On the long drive back from North Carolina this Memorial Day weekend, my husband and I sat in a morbid silence as we listened to the audio recording of the book "Tuesdays with Morrie". If you have never read (or listened) to it, I highly recommend you do so. But this was our first time and we were spellbound by the last thesis of a dieing man. Morrie was a sociology professor dieing of Lou Gehrig's and as he slowly wasted away, he decided to chronicle his thoughts of life and death in order to make the most of it and send its message out into the world. Morrie said many profound and wonderful expansions on life and culture, but one in particular echoed through me: "People do not know how to live, because we do not know how to die. If we knew how to die, we would then know how to live."
Now, Morrie is not talking about our methods of dieing; he is talking about our attitude and approach to the reality of our own death. I had never soaked in the correlation with the two but its miracle went deep into me. Morrie was meditating on death because he was staring into it's face and he wanted others to benefit. I, myself, have always had a haunting problem with death. I am not afraid of it, in fact, through much of my life it has been an obsession. I used to meditate on it endlessly; not just for myself but projected onto others and their deaths. I have always been painfully aware of the finality that is in store for us all. I have never cried at funerals, and I have spent an unhealthy amount of free time in graveyards alone. To top the cake, (and I can't believe I am sending this into cyberspace) but I have attempted several forms of death known to us. Fortunately, I was (obviously) unsuccessful. But I was a very different person back then. I was very dark and I embraced my darkness with sick fascination. It was only recently when I began experiencing a renewed obsession with death. It shook me up to be experiencing my old thoughts. The good news is that none of them are suicidal, just sickly dark and twisted. I have always abhorred my secret obsession and I am mortified to find it resurrecting after such a long absence. It was things like this that led me to realize that God is taking me back. He is taking me back to places I have not been for oh so long.
So here I am listening to Morrie and on the edge of my seat. Our project for this week was listening. We were asked to listen to the groaning's of creation, God, others and ourselves. So all week I have been exceptionally attuned to wonder what I would hear. I have heard many things this week, but the most profound message came from Morrie. Morrie meditated on death and showed me that a courageous dialogue with death is actually a large piece of experiencing life. Especially as a Christian, my attitude toward death and my own finality are a key into my eternal, spiritual reality. And my understanding of this, puts life and living into perspective. Its an eternal, Godly perspective that hovers above time and space.
Are you starting to see?
Do you realize what it is that I got when I discovered this?

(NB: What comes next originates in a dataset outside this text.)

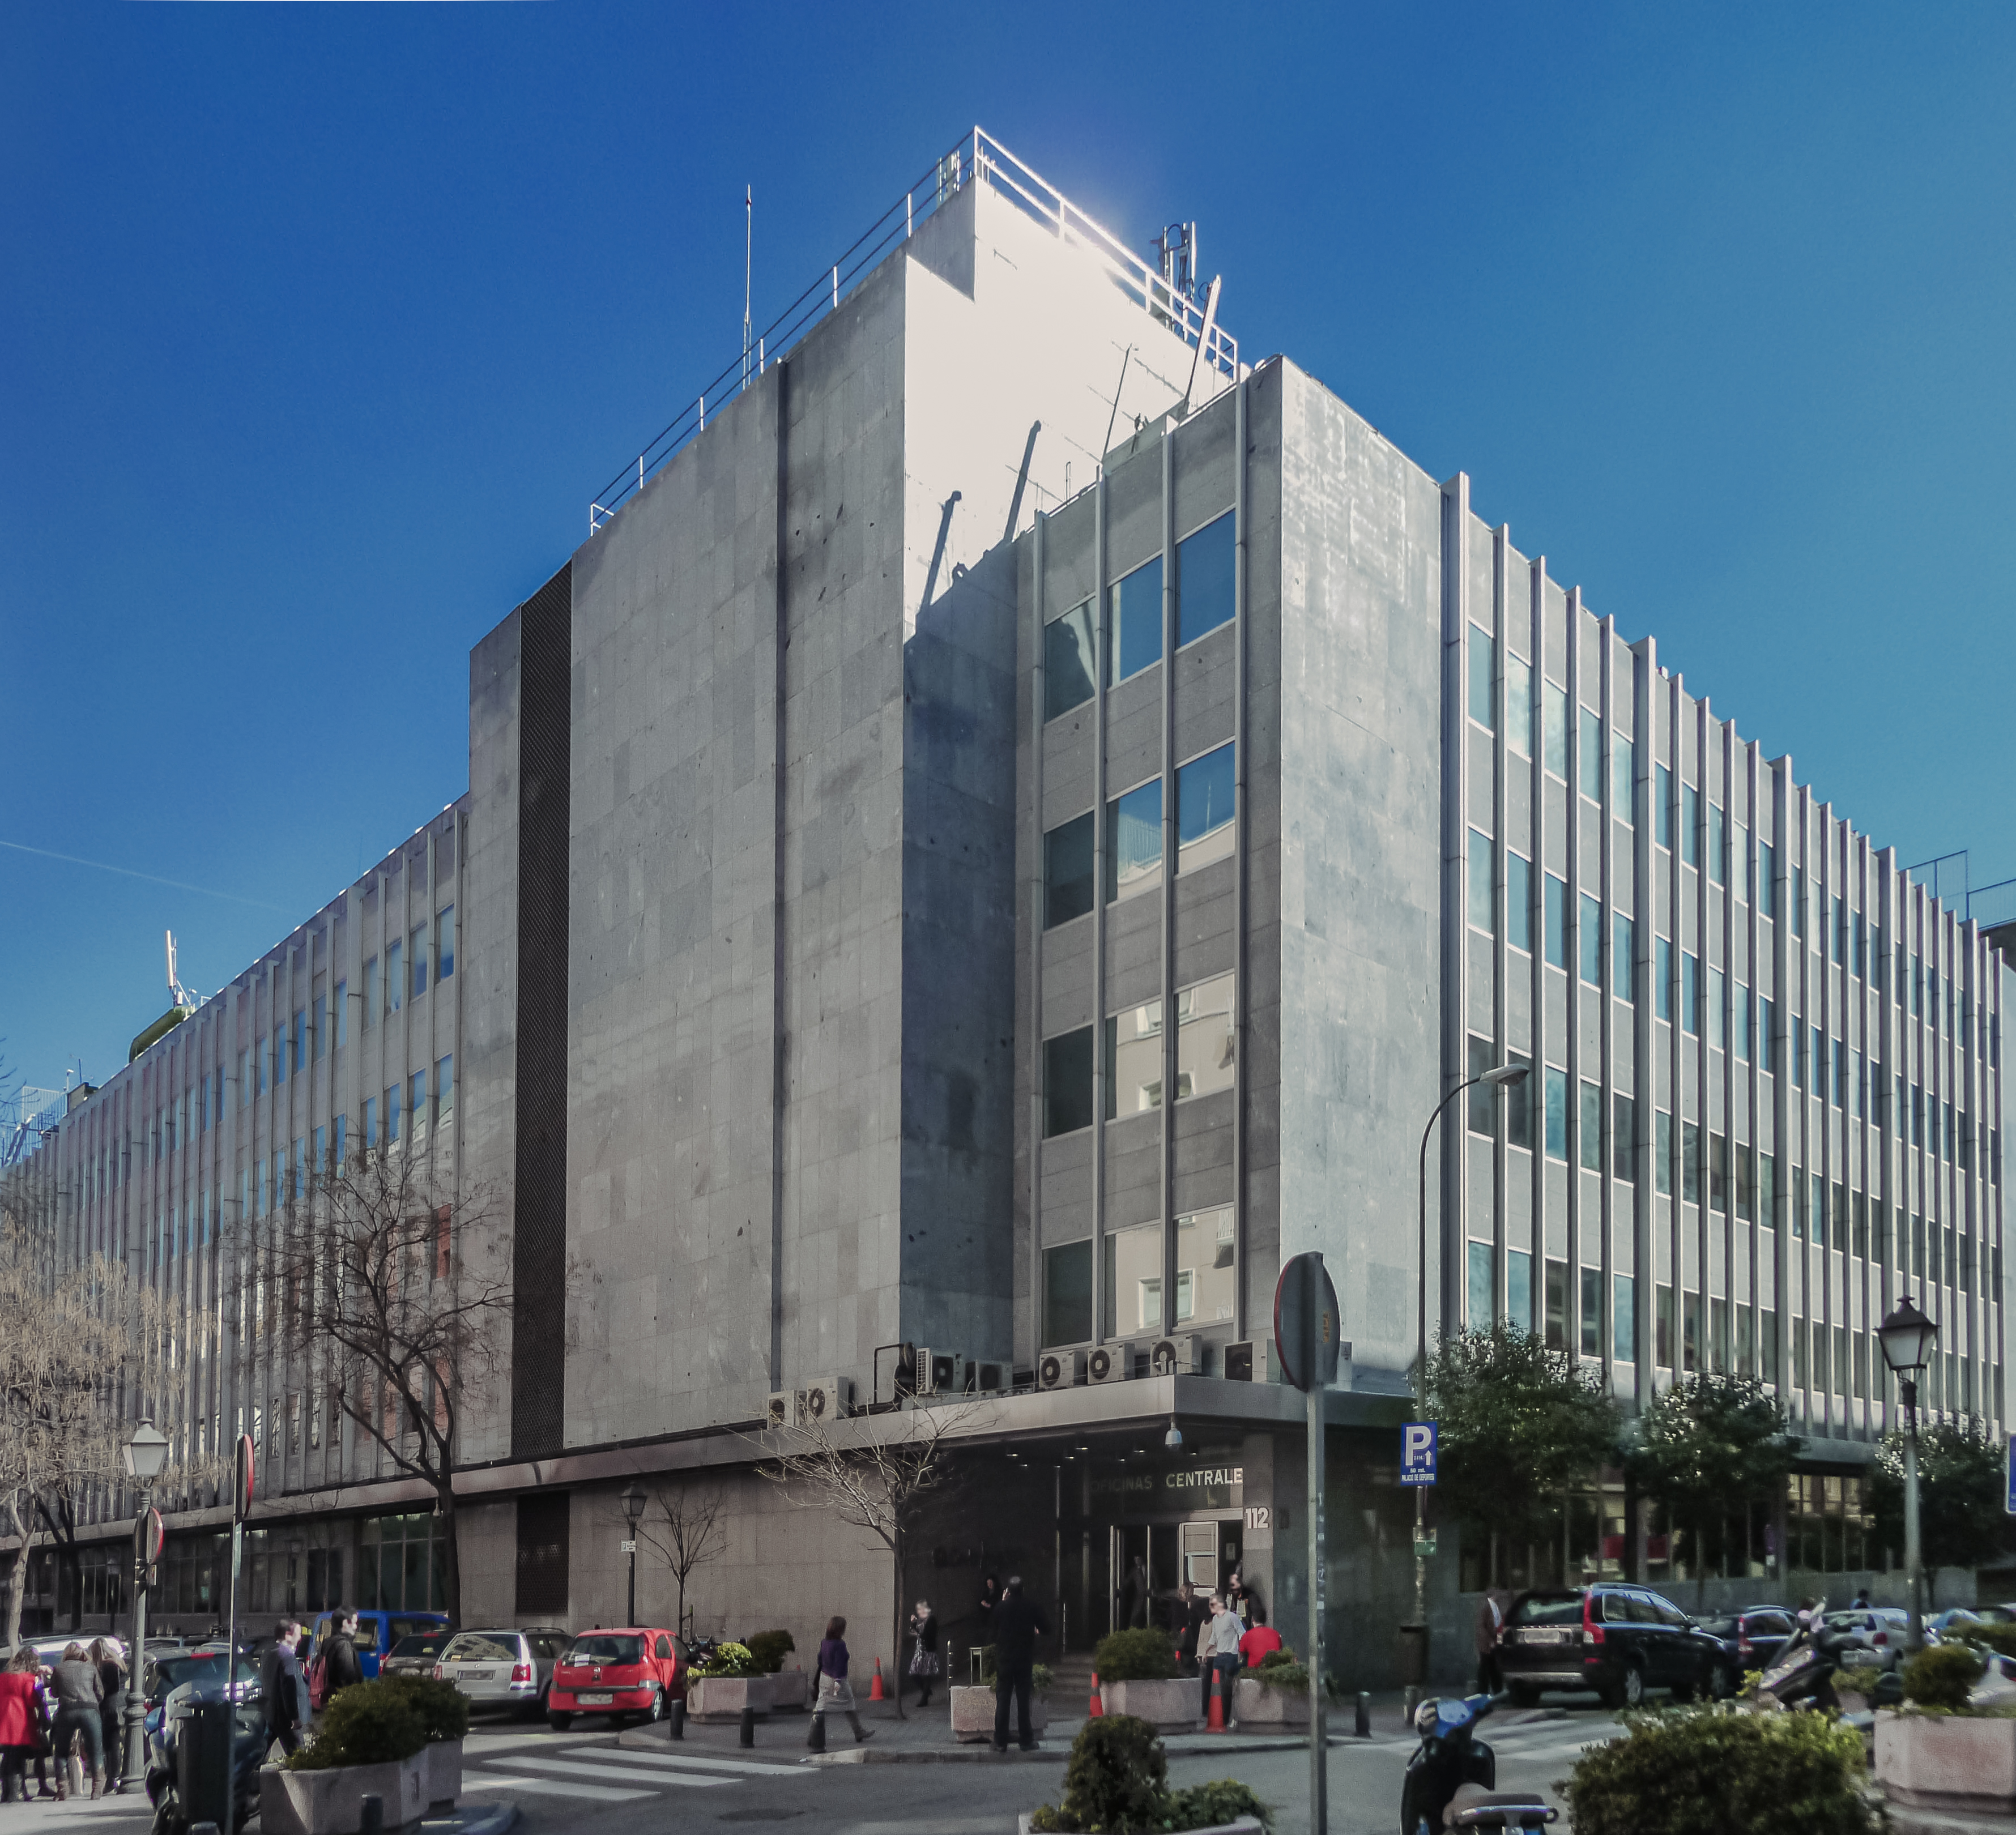 File:Oficinas centrales de El Corte Inglés (Madrid) 03.jpg - Wikimedia
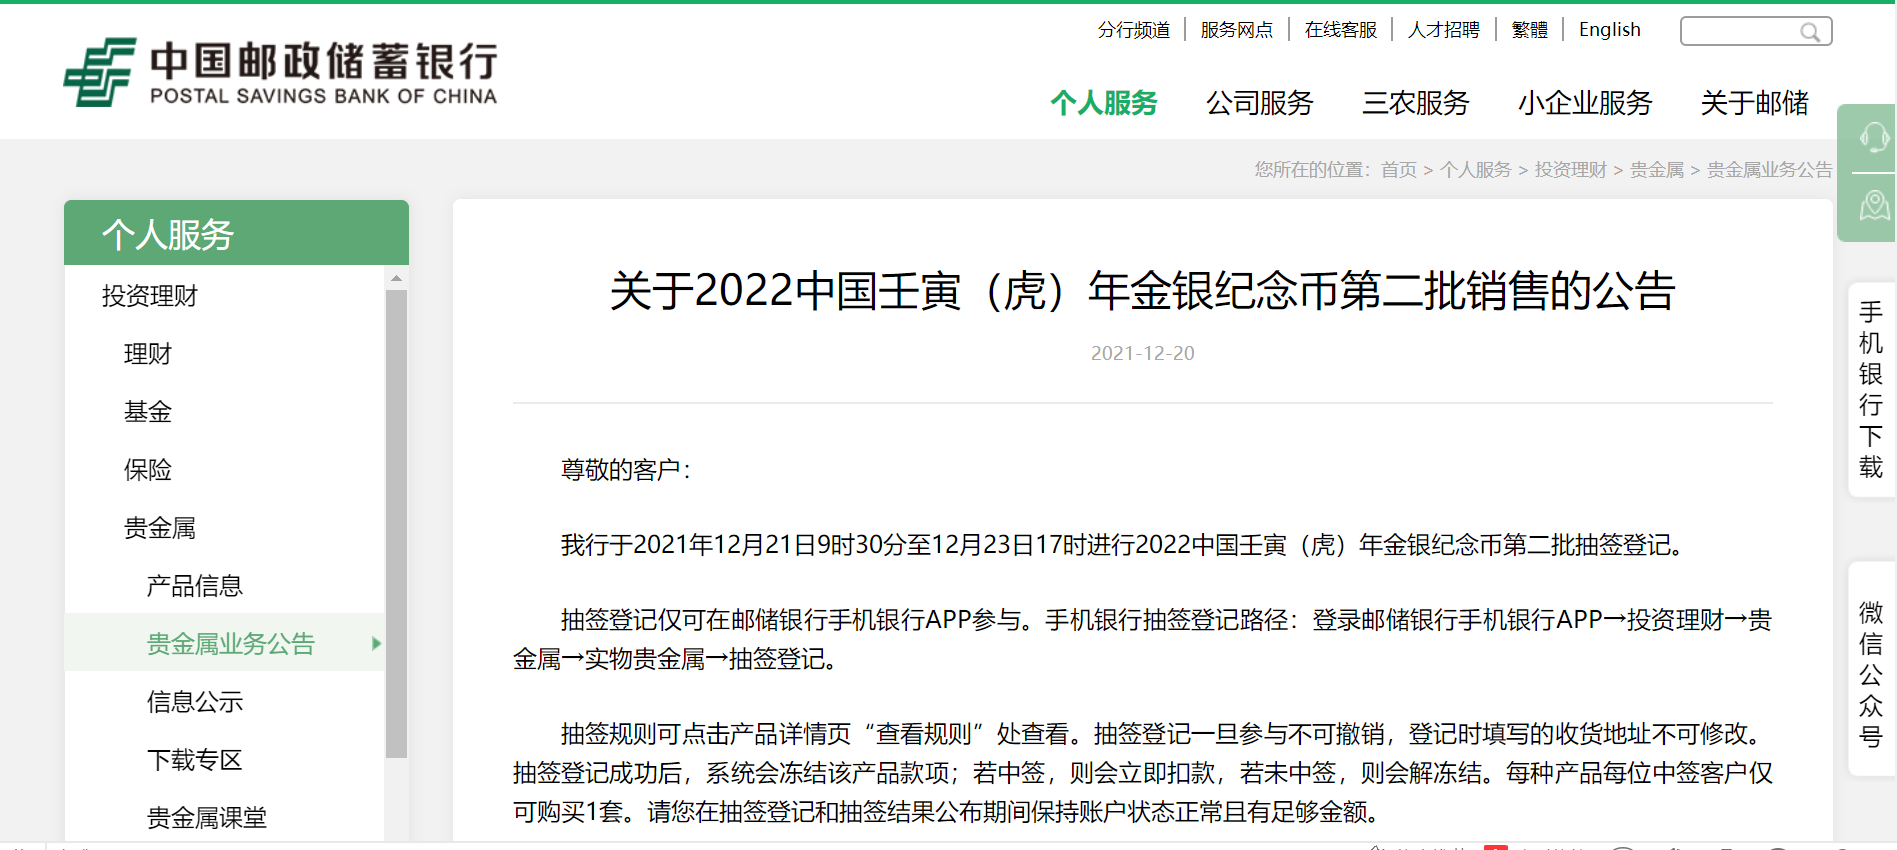 刚刚中国建设银行中国邮政储蓄银行发布最新公告

I hate my past and have ran from everything that was. I see nothing but sickness, insanity and death. I have striven to be a normal, functioning human being. Now God leads me back into the darkness because He calls it light. I say 'bullshit'. But here I am. I listen to the words of Morrie, realize that God has higher purpose for my obsession than just a dangerous, sick hobby. He cracked an old door and showed me a glow behind it, not the void that I had remembered. My sickness can be turned around for good. My darkness can lead me to revelations that will enhance my ability to live! And as I stared into the vast dessert of my past, behold . . . one small white flower trembles out of the sand.